RefAM: Attention Magnets for Zero-Shot Referral Segmentation
This work addresses the need for efficient and training-free methods in vision-language grounding, offering a novel approach that is incremental but improves performance over prior methods.
The paper tackled the problem of referring segmentation without fine-tuning or architectural modifications by exploiting attention features from diffusion transformers, achieving state-of-the-art performance on zero-shot benchmarks for images and videos.

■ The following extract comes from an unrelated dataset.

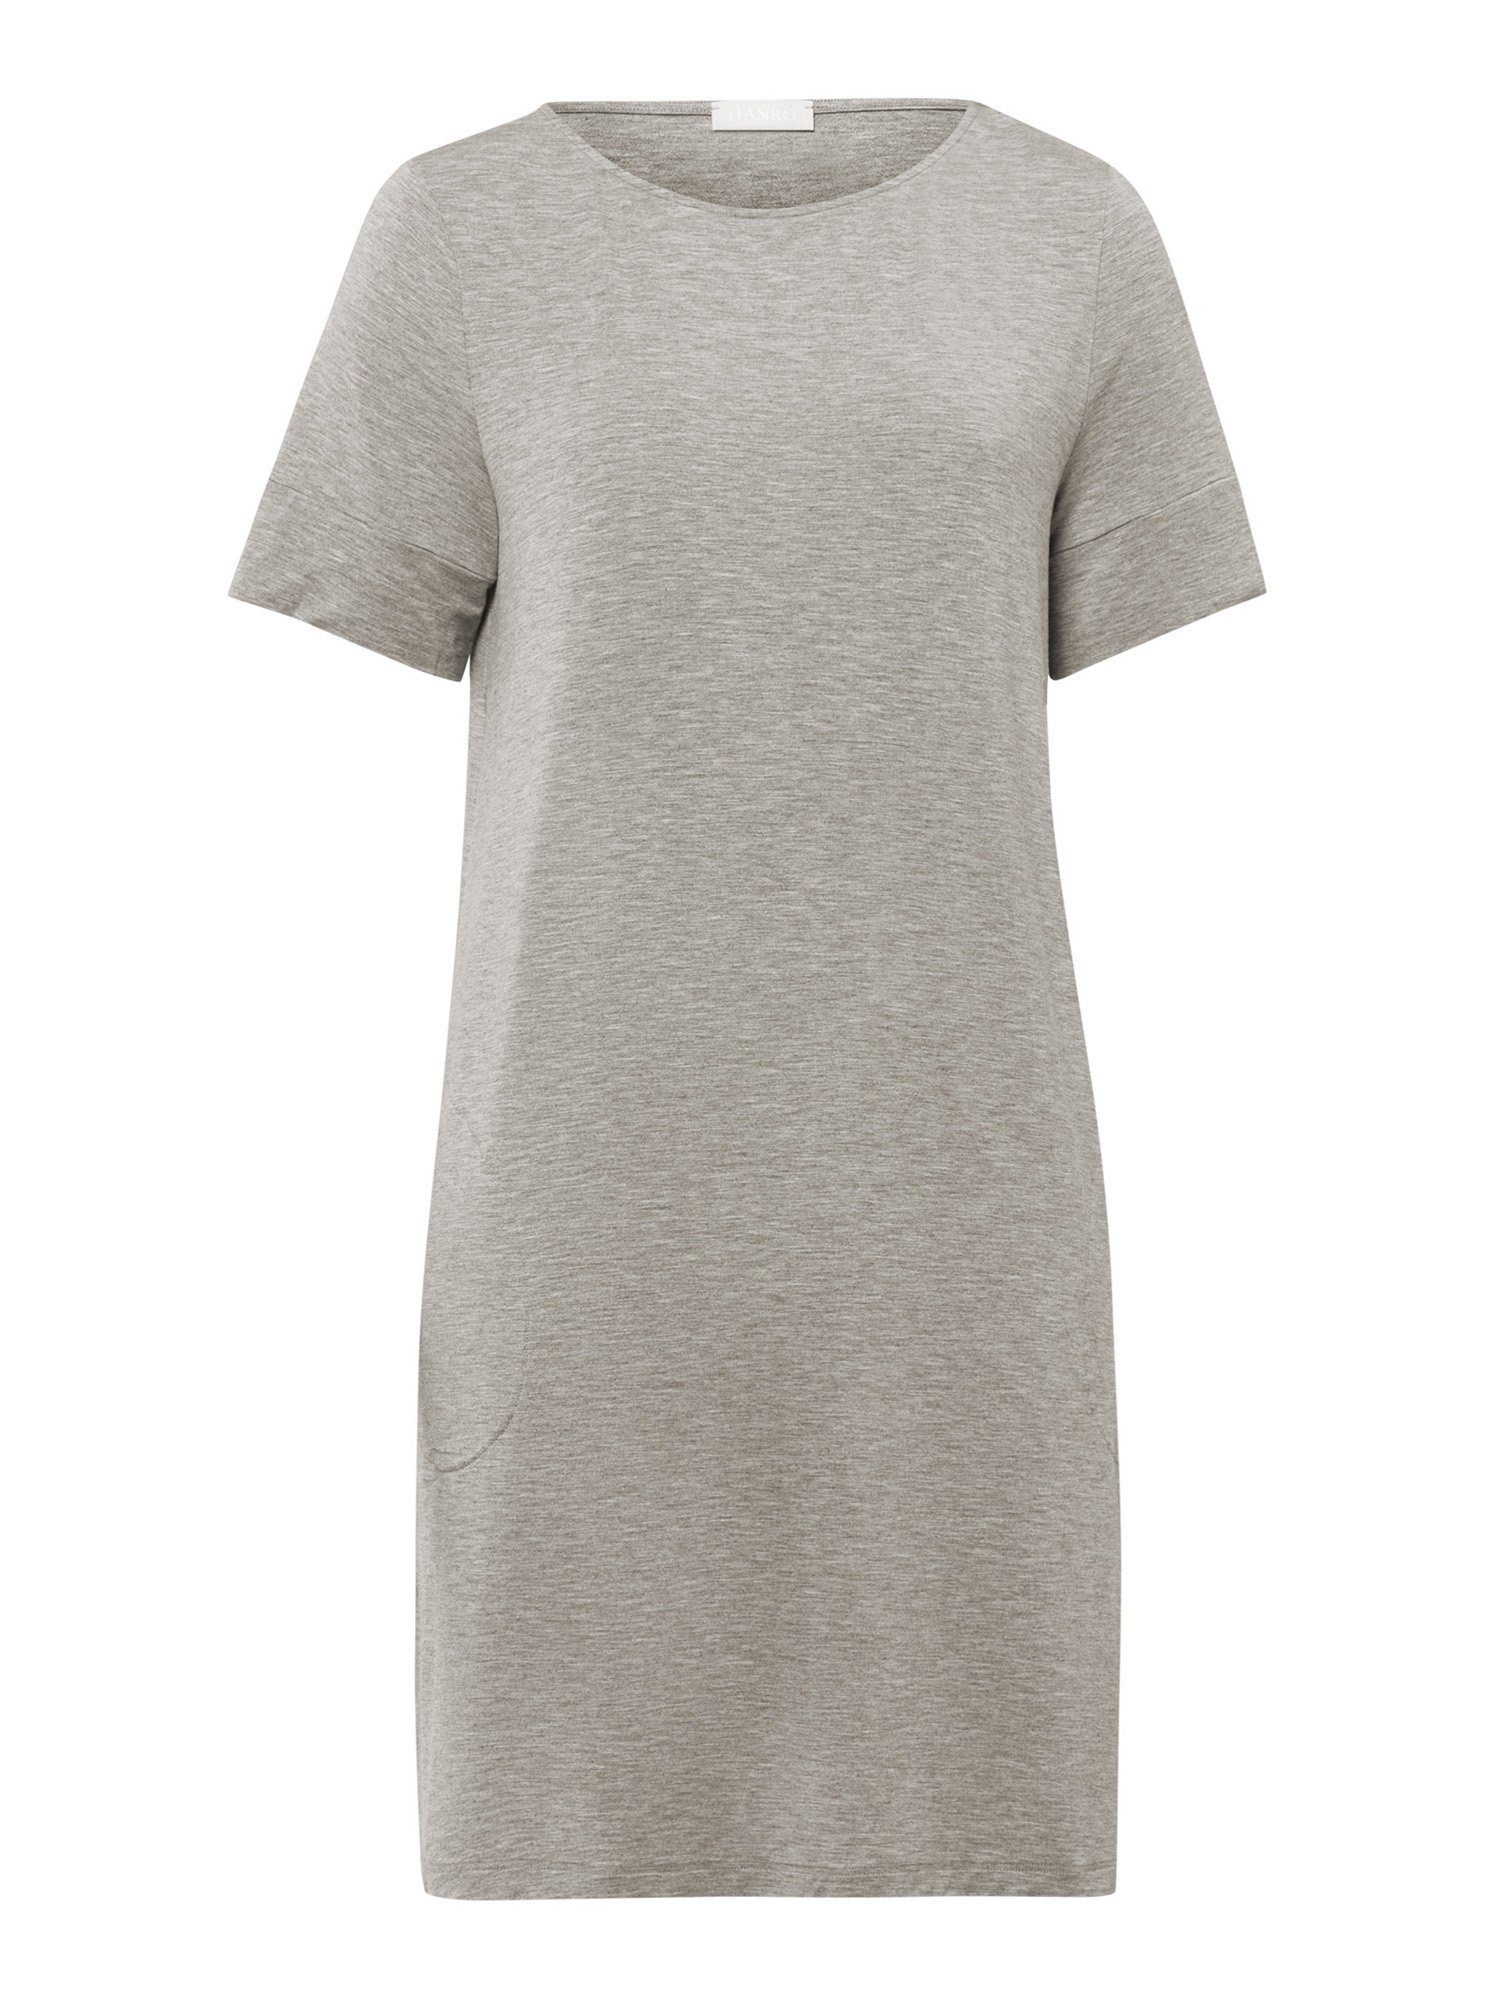 Hanro Nachthemd Natural Elegance Nacht-hemd schlafmode sleepwear grey melange

Most existing approaches to referring segmentation achieve strong performance only through fine-tuning or by composing multiple pre-trained models, often at the cost of additional training and architectural modifications. Meanwhile, large-scale generative diffusion models encode rich semantic information, making them attractive as general-purpose feature extractors. In this work, we introduce a new method that directly exploits features, attention scores, from diffusion transformers for downstream tasks, requiring neither architectural modifications nor additional training. To systematically evaluate these features, we extend benchmarks with vision-language grounding tasks spanning both images and videos. Our key insight is that stop words act as attention magnets: they accumulate surplus attention and can be filtered to reduce noise. Moreover, we identify global attention sinks (GAS) emerging in deeper layers and show that they can be safely suppressed or redirected onto auxiliary tokens, leading to sharper and more accurate grounding maps. We further propose an attention redistribution strategy, where appended stop words partition background activations into smaller clusters, yielding sharper and more localized heatmaps. Building on these findings, we develop RefAM, a simple training-free grounding framework that combines cross-attention maps, GAS handling, and redistribution. Across zero-shot referring image and video segmentation benchmarks, our approach consistently outperforms prior methods, establishing a new state of the art without fine-tuning or additional components.